General Social Survey (GSS)
https://www.norc.org/research/projects/gss.html
The GSS measures public opinion in the United States on a wide variety of topics of interest to social scientists. The survey, which began in the early 1970's, provides a biennial perspective on American attitudes toward government, life, race, religion, and other social issues. The link here is to the GSS homepage within the National Opinion Research Center. Sites where researchers can extract and download specific variables of interest are listed here. The SDA Archive at Berkeley also holds GSS data from 1972 onward in an interface that allows for basic on-line data analysis and the creation of subsets of GSS data. GSS data are also available via the Roper Center.

National Archive of Data on Arts & Culture (NADAC)
https://www.icpsr.umich.edu/web/pages/NADAC/index.html
The ICPSR's National Archive of Data on Arts & Culture contains many datasets pertaining to topics such as participation in the arts (e.g. attending exhibits or concerts), "cultural policy" (e.g. support for public funding of the arts), the vitality of the arts in local areas, and media coverage of the arts and culture. Much of the contents of this archive formerly resided at the Cultural Policy and the Arts National Data Archive (CPANDA).

Pew Research Center
https://www.pewresearch.org/
The Pew Research Center is a major center for the study of public opinion and regularly conducts polls about various social and political topics and contemporary issues. They make many of their studies available for download here. Many of the more recent datafiles are in SPSS format. Users are required to register before downloading a dataset, but registration is free. Users should also check out Pew's various research projects and topics, such as Hispanic Trends, the Global Attitudes Project, and Religion and Public Life.
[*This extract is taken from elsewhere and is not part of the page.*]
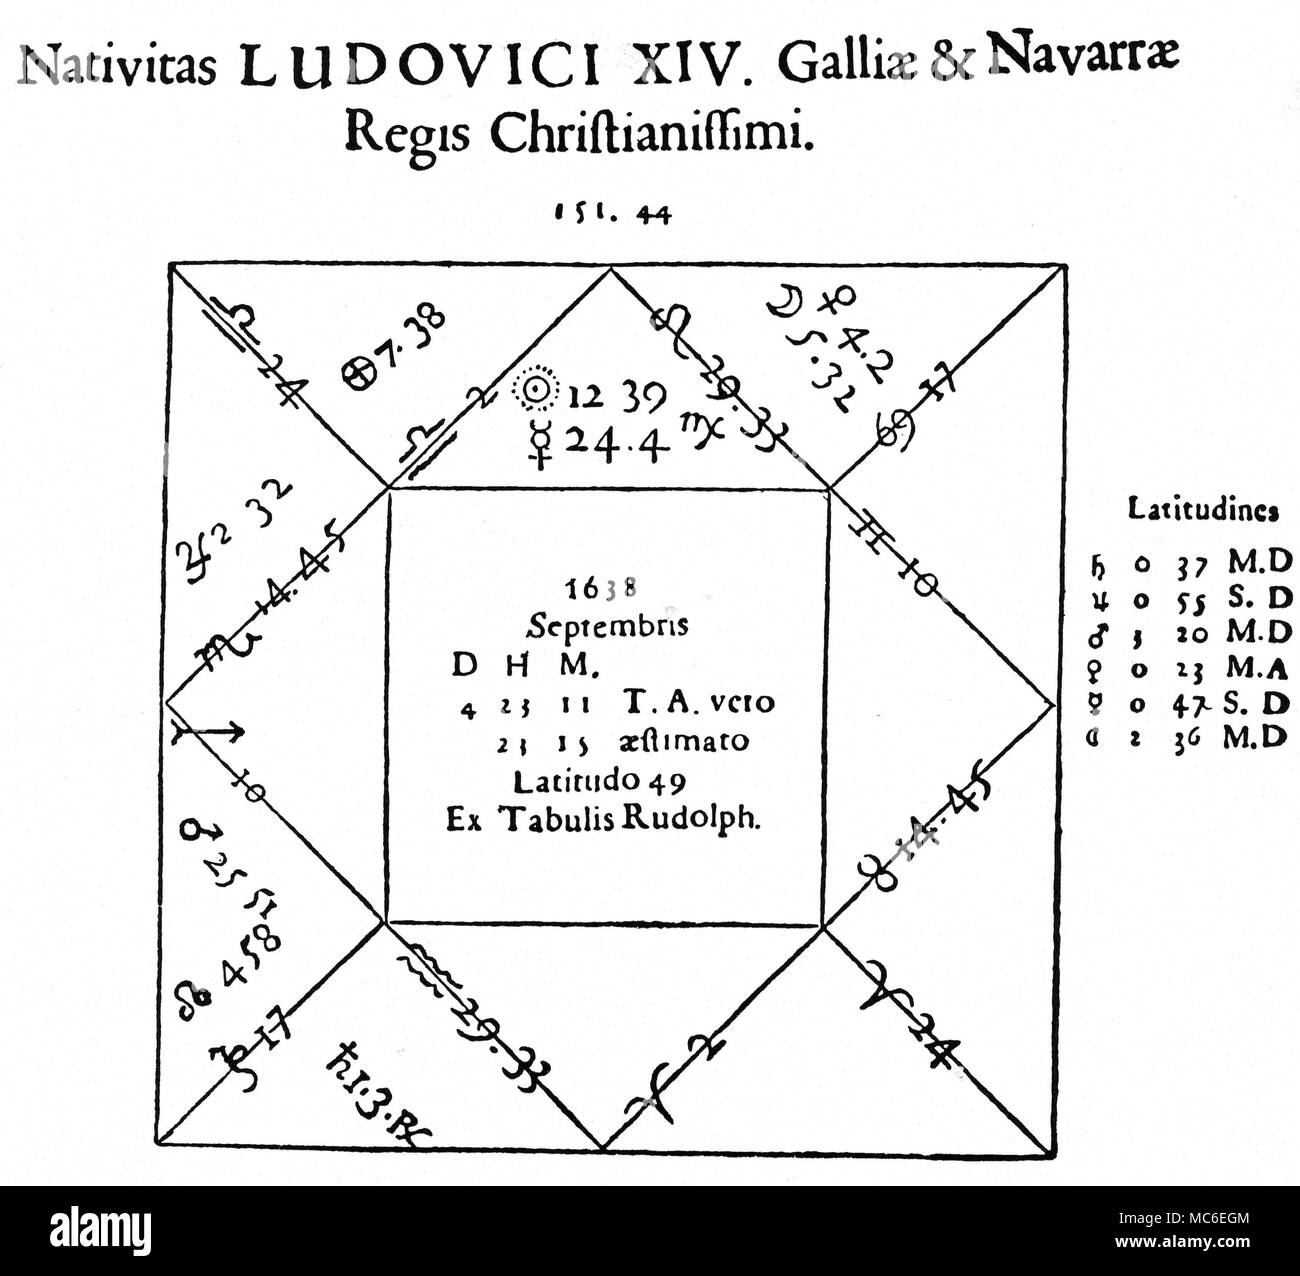 Horoskope - LOUIS XIV Horoskop von König Ludwig XIV. von Frankreich, das am 4. September 1638 geboren wurde. Von J. B. Morin de Villefranche, Astrolologia Gallica, 1661. Stockfoto

Roper Center for Public Opinion Research
https://ropercenter.cornell.edu/
The Roper Center is one of the country's premier centers for polling data, with holdings dating back to 1935 and data from a large and growing list of providers. While the bulk of the Center's data are for national polls, it also includes many state-level polls as well. The iPOLL interface may be of particular use because it allows users to search through surveys at the question level. Roper also has a large compilation of Presidential approval ratings and various other collections of contemporary and historic opinion polls. See https://ropercenter.cornell.edu/data-highlights/featured-projects for other Roper projects related to public-opinion data. The Roper Center is also available via Databases at Emory.

Religion

Association of Religion Data Archives (ARDA)
https://www.thearda.com/
The ARDA contains many datasets pertaining to religion, such as surveys on topics such as the public's religious attitudes and practices, surveys of church leaders, and studies on the provision of social services by individual congregations. ARDA also provides geographic profiles of congregations and demographic profiles of denominations.

Pew Research Center's Religion and Public Life Project
https://www.pewresearch.org/topic/religion//
The Religion and Public Life Project is devoted to the intersections between religious faith and public affairs, including topics such as "shifting religious composition to the influence of religion on politics to the extent of government and social restrictions on religion." In addition to reports and analyses, it provides access to a variety of data-related resources, such as individual datasets and interactive databases. The Project's undertakings range from large-scale surveys such as the U.S. Religious Landscape Survey to summaries of state-level legislation on religious law.